- _RECORDS SHOWN_:
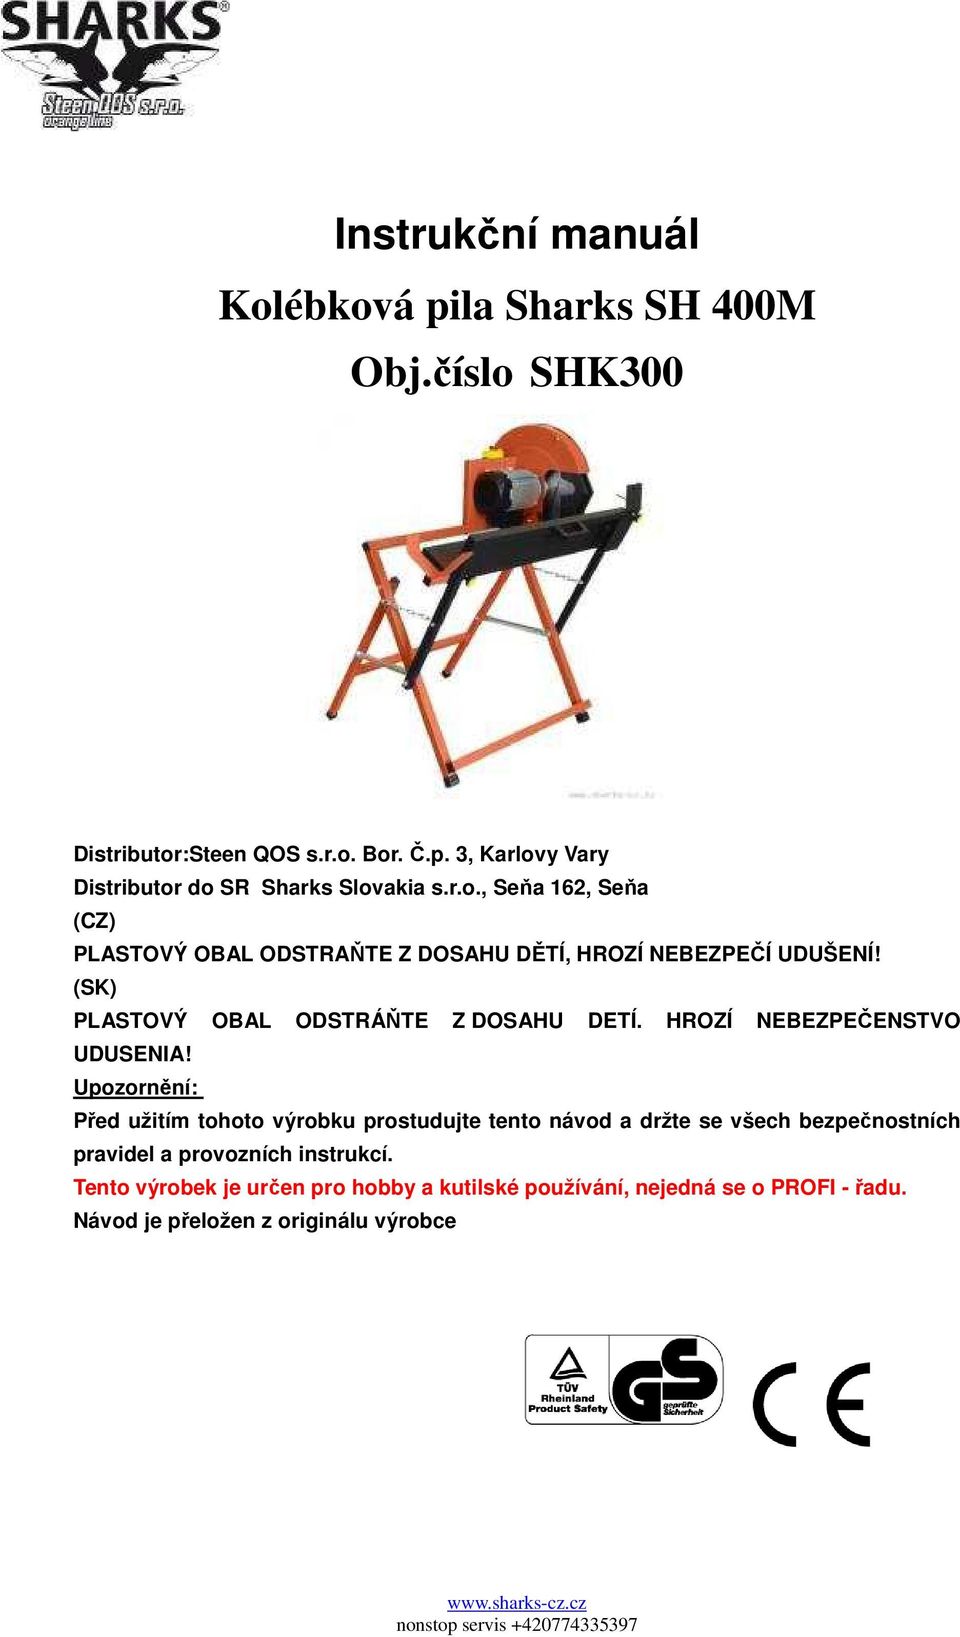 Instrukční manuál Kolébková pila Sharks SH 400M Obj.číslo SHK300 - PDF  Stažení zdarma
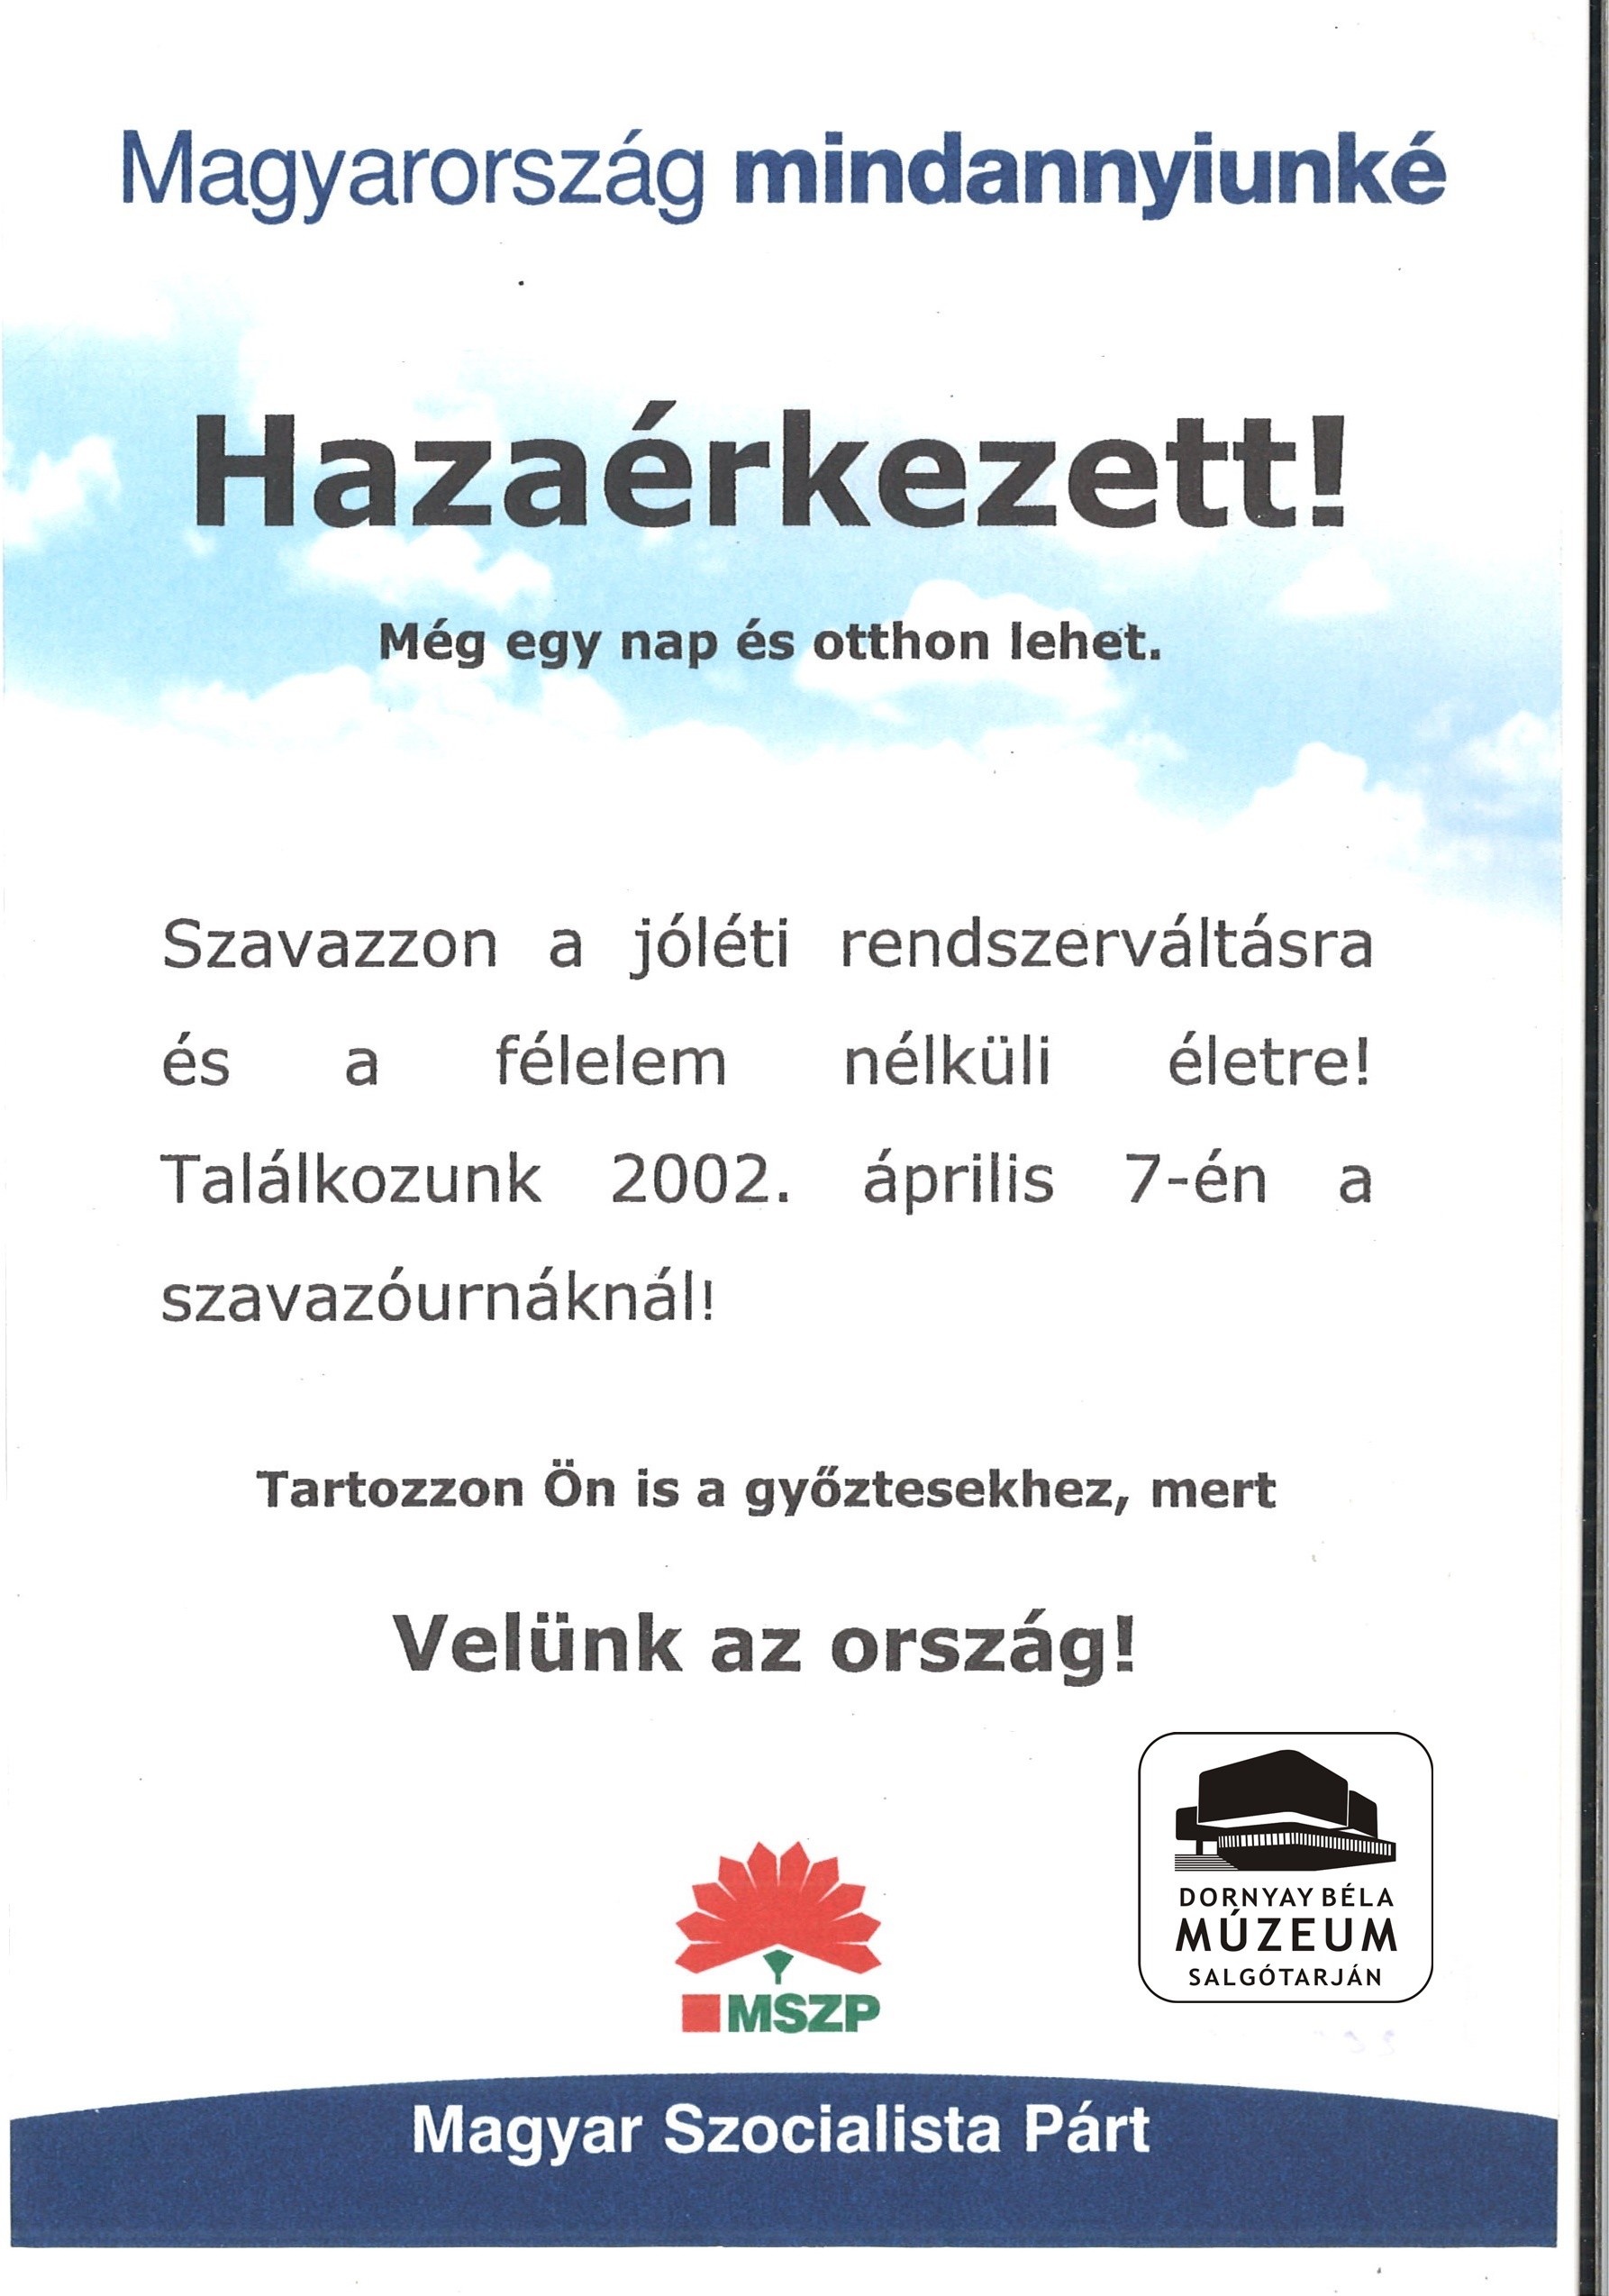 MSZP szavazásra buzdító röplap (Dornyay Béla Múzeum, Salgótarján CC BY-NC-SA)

==

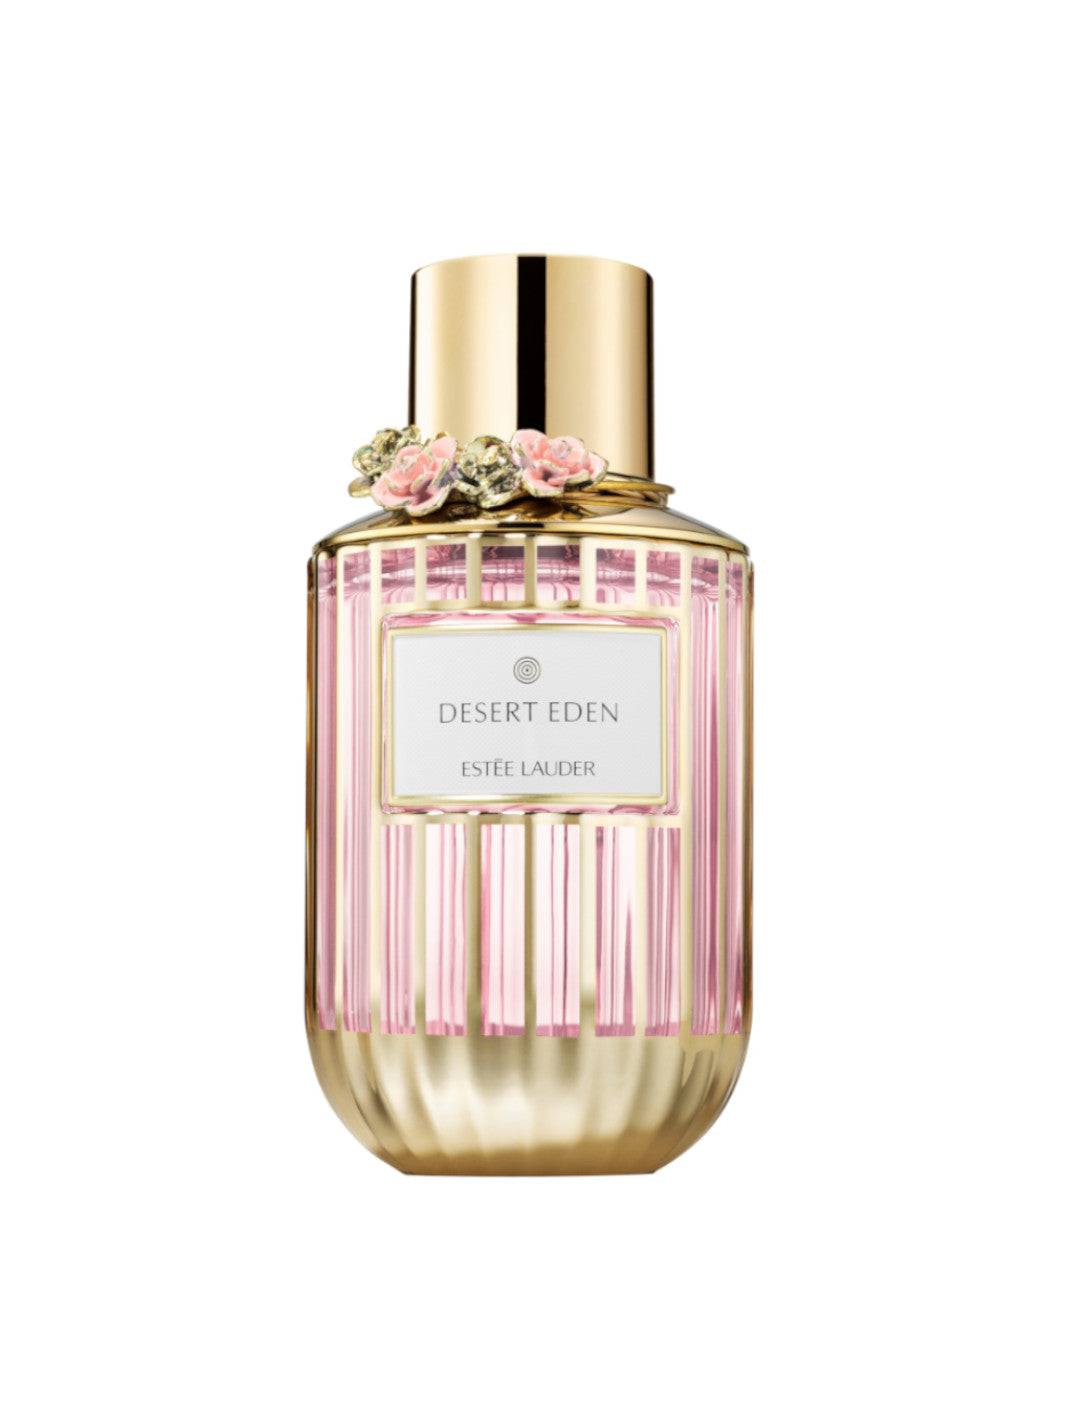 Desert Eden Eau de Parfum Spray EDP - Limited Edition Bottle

- _YOUR INSTRUCTIONS_: Copy only this from above: the line containing "Instrukční manuál Kolébková", the line containing "MSZP szavazásra buzdító", and all lines between, printed exactly. Leave out the pictures.

- _OUTPUT BELOW_:
 Instrukční manuál Kolébková pila Sharks SH 400M Obj.číslo SHK300 - PDF  Stažení zdarma
 MSZP szavazásra buzdító röplap (Dornyay Béla Múzeum, Salgótarján CC BY-NC-SA)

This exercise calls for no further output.